I am thinking about gender.

As a very small child, I thought, why would my being female have ANYTHING to do with jobs and roles? Ok, I can carry a pregnacy and a male can't (yet) but otherwise....

I don't get gender, I don't care, and I don't want it to get in my way. I don't want to be put in that box. And I never have. I thought, if I love someone and I'm an adult and they are an adult, who cares? I don't care. I decided by college that I must be bi because hey, I am not ruling out half the humans. How narrow and isolating.

Also, marriage. The job of wife looked horrible. First of all, half get divorced. Then they were scorned poor failures as women: single mothers. And damn it, the men seemed to mostly abandon the kids and get a new wife. That was my impression in the 1970s. The men had new kids. I wanted nothing to do with housework. My mother was NOT a homemaker. She was an artist. That was first. She didn't make money at it, but then, she'd inherited money and was "independently wealthy at a poverty level". Her art, my father and my sister and I were the important things. Housework was a distant and resented last. She did most of the cooking, mostly because she really liked food. She did not want to do much more housework than my father. So not much was done. We did not die from dust bunnies and really, she could be fabulous fun. The kitchen a towering mess from dying Easter eggs, from a watermelon seed fight, from paper mache. That was what was important: art, music, books, food, conversation.

I was quite clear.
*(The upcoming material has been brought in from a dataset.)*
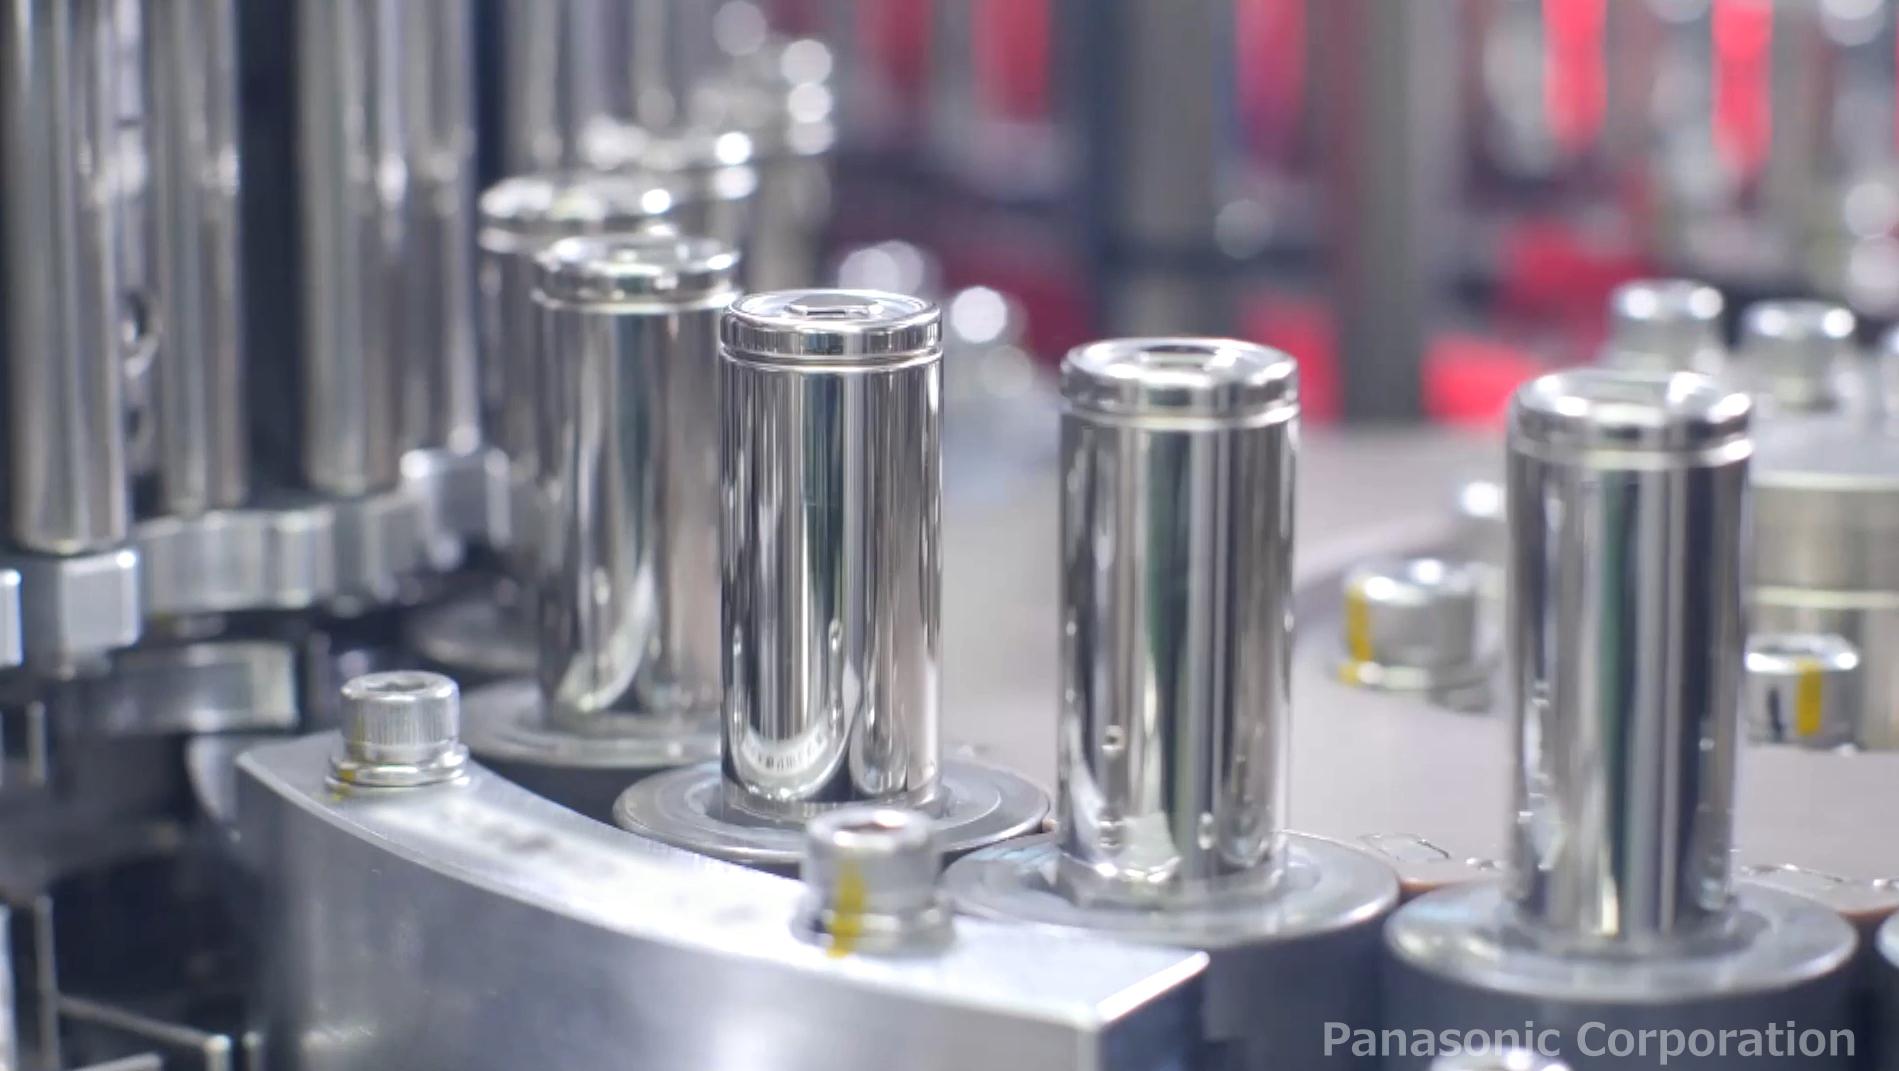 パナソニックの車載電池事業 磨き上げた「強み」で新たなフェーズへ

I wanted kids AND a career. Because marriages, well, you have a 50% chance. And anyhow, I am not an artist. I wanted to be a writer, but on terms like my mother. That is, write what I want, when I want, develop it the way I want. So, need a career because I was not independently wealthy at a poverty level. What was God thinking? How unfair.

Medical school and a husband, a househusband. We agreed that he'd stay home until the kids were in school and daycare. And he didn't want a career, he said. He just wanted a job when it came time.
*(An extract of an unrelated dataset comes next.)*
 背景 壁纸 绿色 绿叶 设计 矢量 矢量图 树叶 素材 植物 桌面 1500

Then later he said, no, he didn't want the job. And he didn't want to be a househusband. Uh, so, um, what is door number three? I slowly realized that he needed me to kick him out because our son was 12. My husband needed distance to mature, out of sight of his son. Ok, I thought, that is unfortunate but you married a tough enough woman to do the right thing. I kicked him out and he went back to school and got an RN. He's worked ever since. Much to everyone's surprise, except mine. I thought there was still something in there. He was doing the right thing for our kids even though that was not what anyone thought. And he stayed in contact and still does and helps support them.
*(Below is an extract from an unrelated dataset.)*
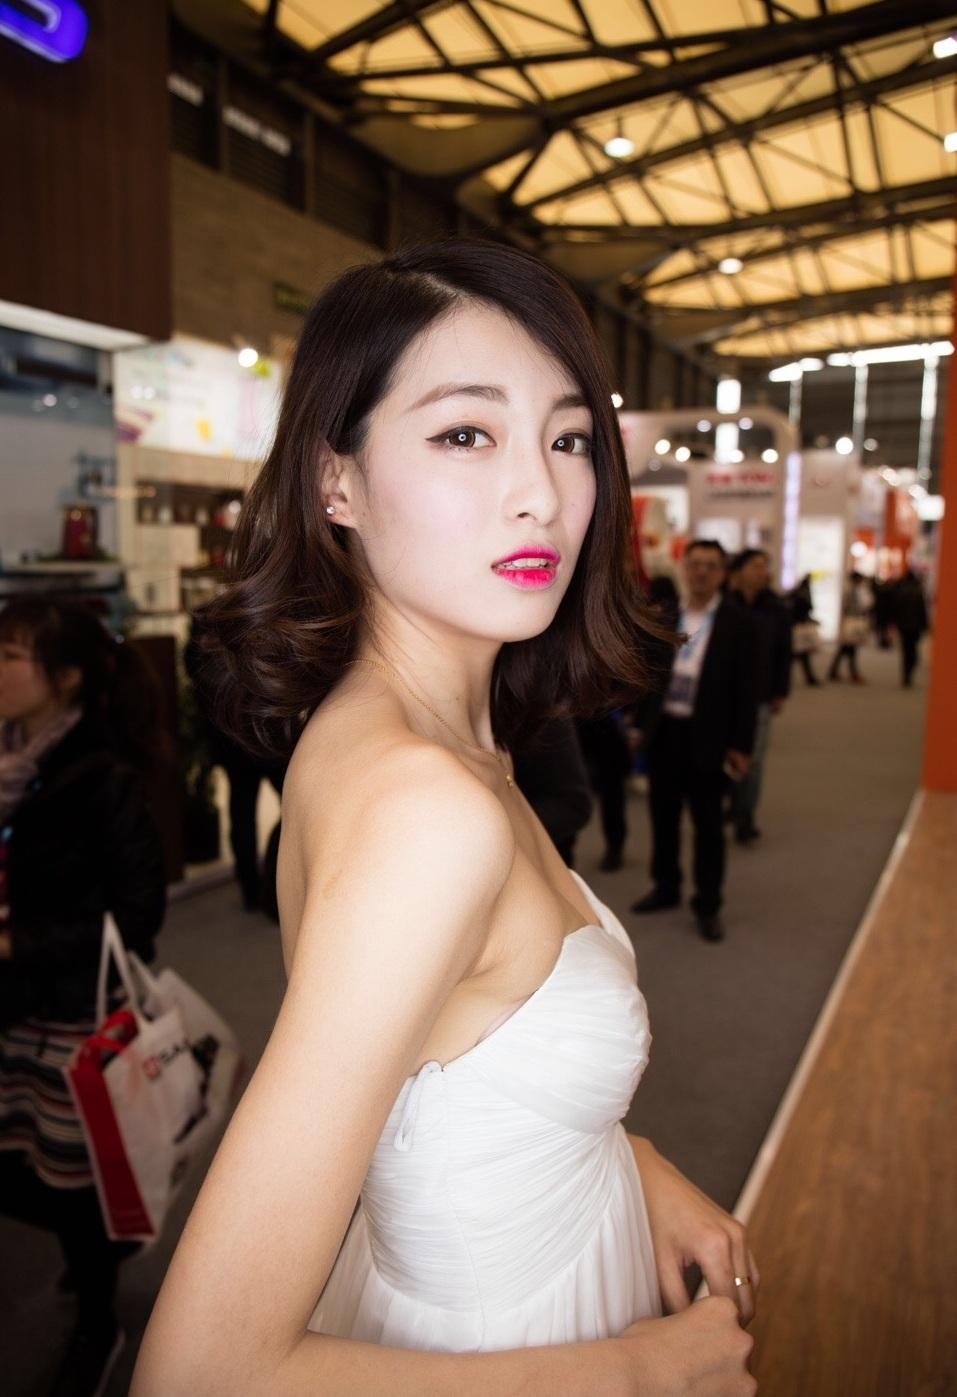 上海理工大学の女神が写真公開 顔面偏差値高すぎる!コメント

When we first got married a male friend asked, "So if you are a doctor and he stays home, will your children be ax murderers?" The male friend was half serious. So far so good, no ax murderers. I didn't even murder the friend.

And gender. Back to gender. I just don't enjoy housecleaning and I am interested in a lot of things. I am busy. I come home from clinic and it's awfully hard to cook after that. I found some photos from residency recently. I started internship with a six month old: I look really really beyond tired. I would come home and stay awake for a while to have time with my husband and son.

I am ready for a new box on the forms. Not male. Not female. Depends on the day. Don't care. I want to check undecided and I am comfortable there.